Get python modules, Java, Scale
- Install pip3
sudo apt install python3-pip
- Install jupyter notebook
pip3 install jupyter
sudo apt-get update
- Install java
sudo apt-get install default-jre
- Check java is installed
java -version
- Install scala
sudo apt-get install scala
- Check scala is installed
scala -version
sudo pip3 install py4j
Get Apache Spark
- Go to https://spark.apache.org/downloads.html
- Download latest Spark version
- Cut and paste tgz file to home folder
- unzip file
sudo tar -zxvf spark-2.2.0-bin-hadoop2.7
Define Paths
export SPARK_HOME='home/ubuntu/spark-2.2.0-bin-hadoop2.7'
export PATH=$SPARK_HOME:$PATH
export PYTHONPATH=$SPARK_HOME/python:$PYTHONPATH
export PYSPARK_DRIVER_PYTHON="jupyter"
export PYSPARK_DRIVER_PYTHON_OPTS="notebook"

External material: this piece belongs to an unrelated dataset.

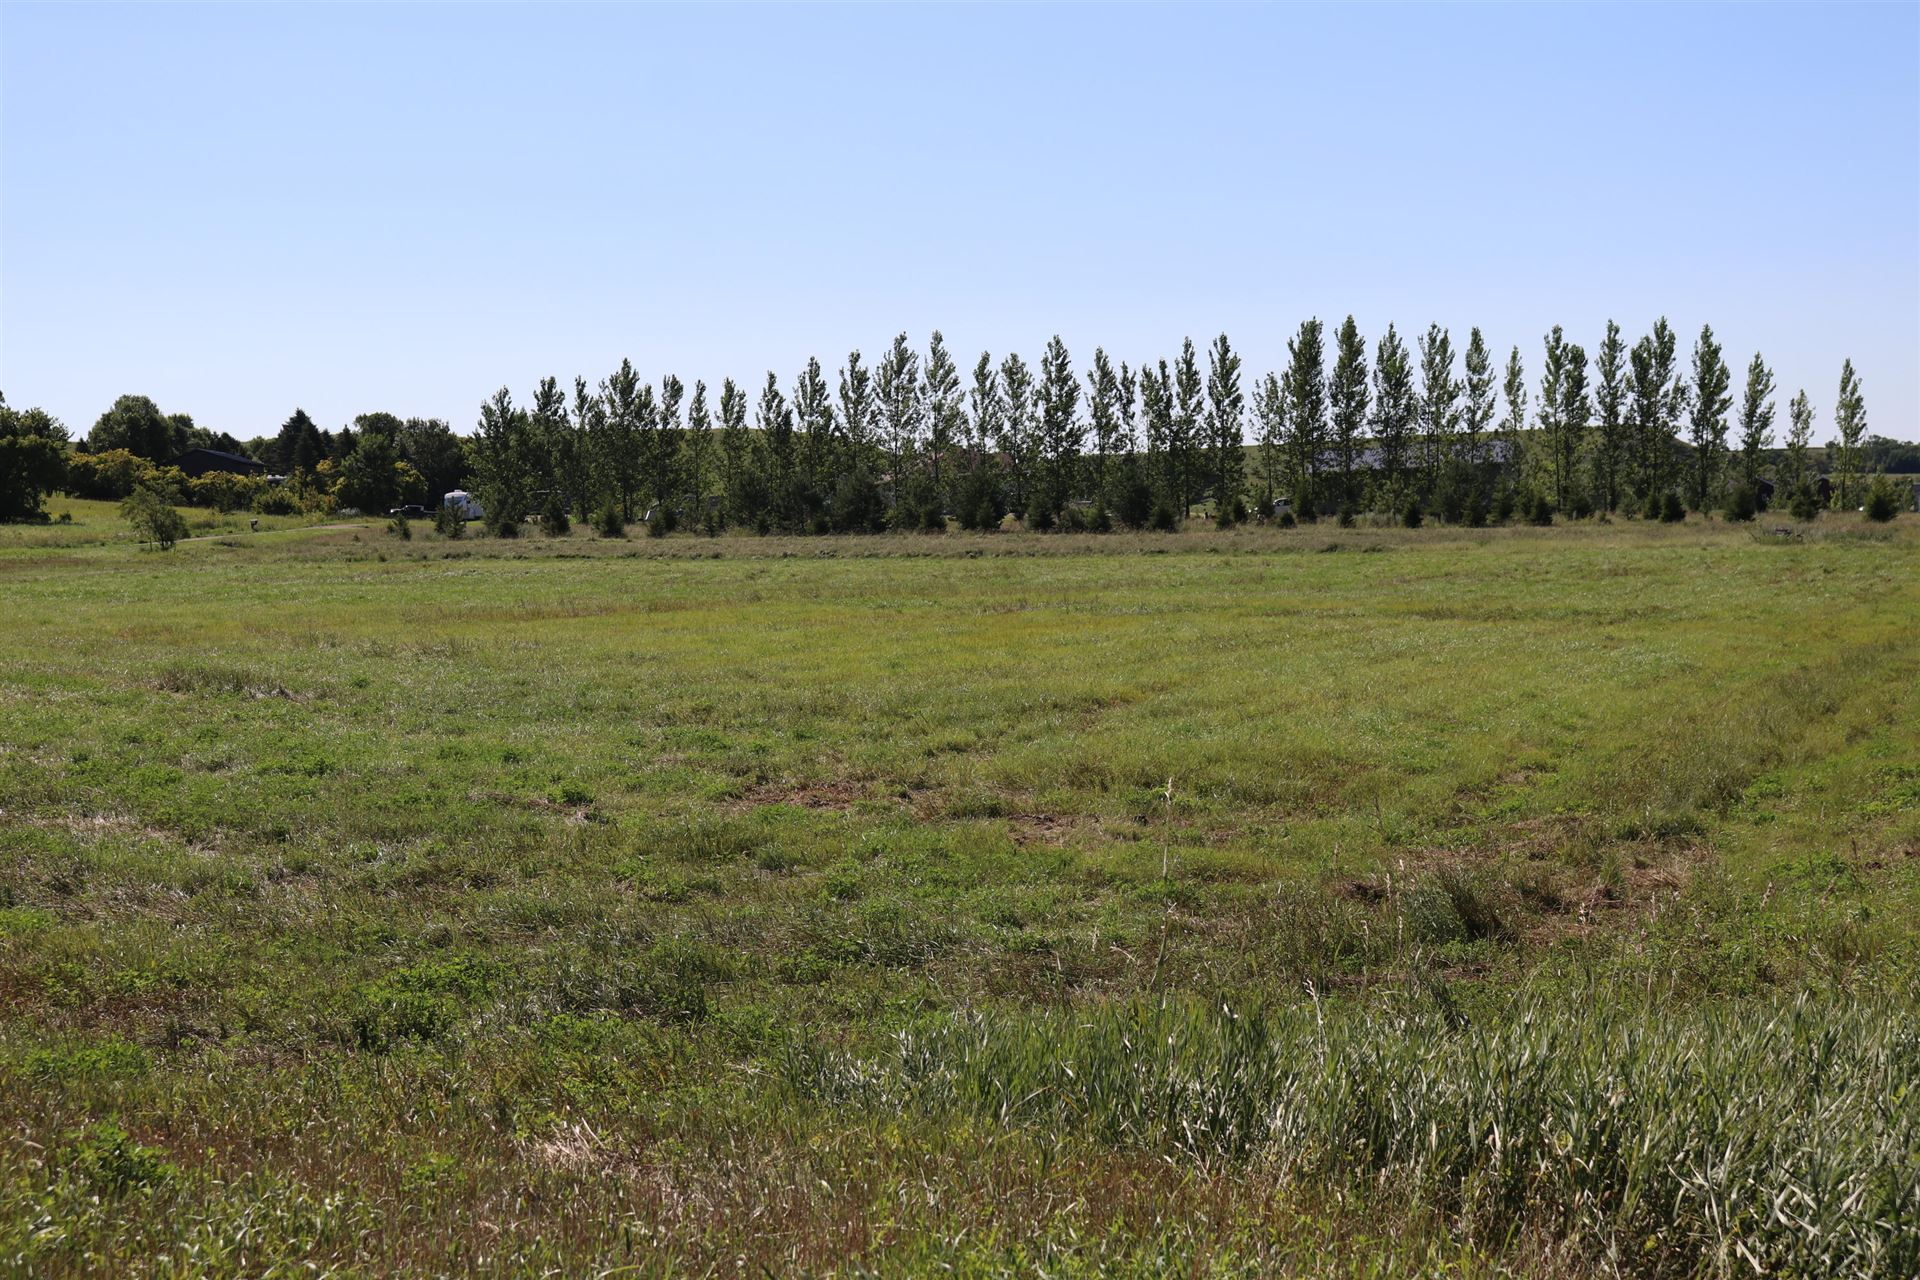 Photo for Lot 33 Sheyenne Valley Estates, Valley City, ND 58072 (MLS # 20-701)

export PYSPARK_PYTHON=python3
Grant Permissions to essential Spark folders
sudo chmod 777 spark-2.2.0-bin-hadoop2.7
cd spark-2.2.0-bin-hadoop2.7
sudo chmod 777 python
cd python
sudo chmod 777 pyspark
pip3 install findspark
In the script or python shell
# order script to find spark location
import findspark
findspark.init('/home/jake/spark/spark-2.2.0-bin-hadoop2.7')
import pyspark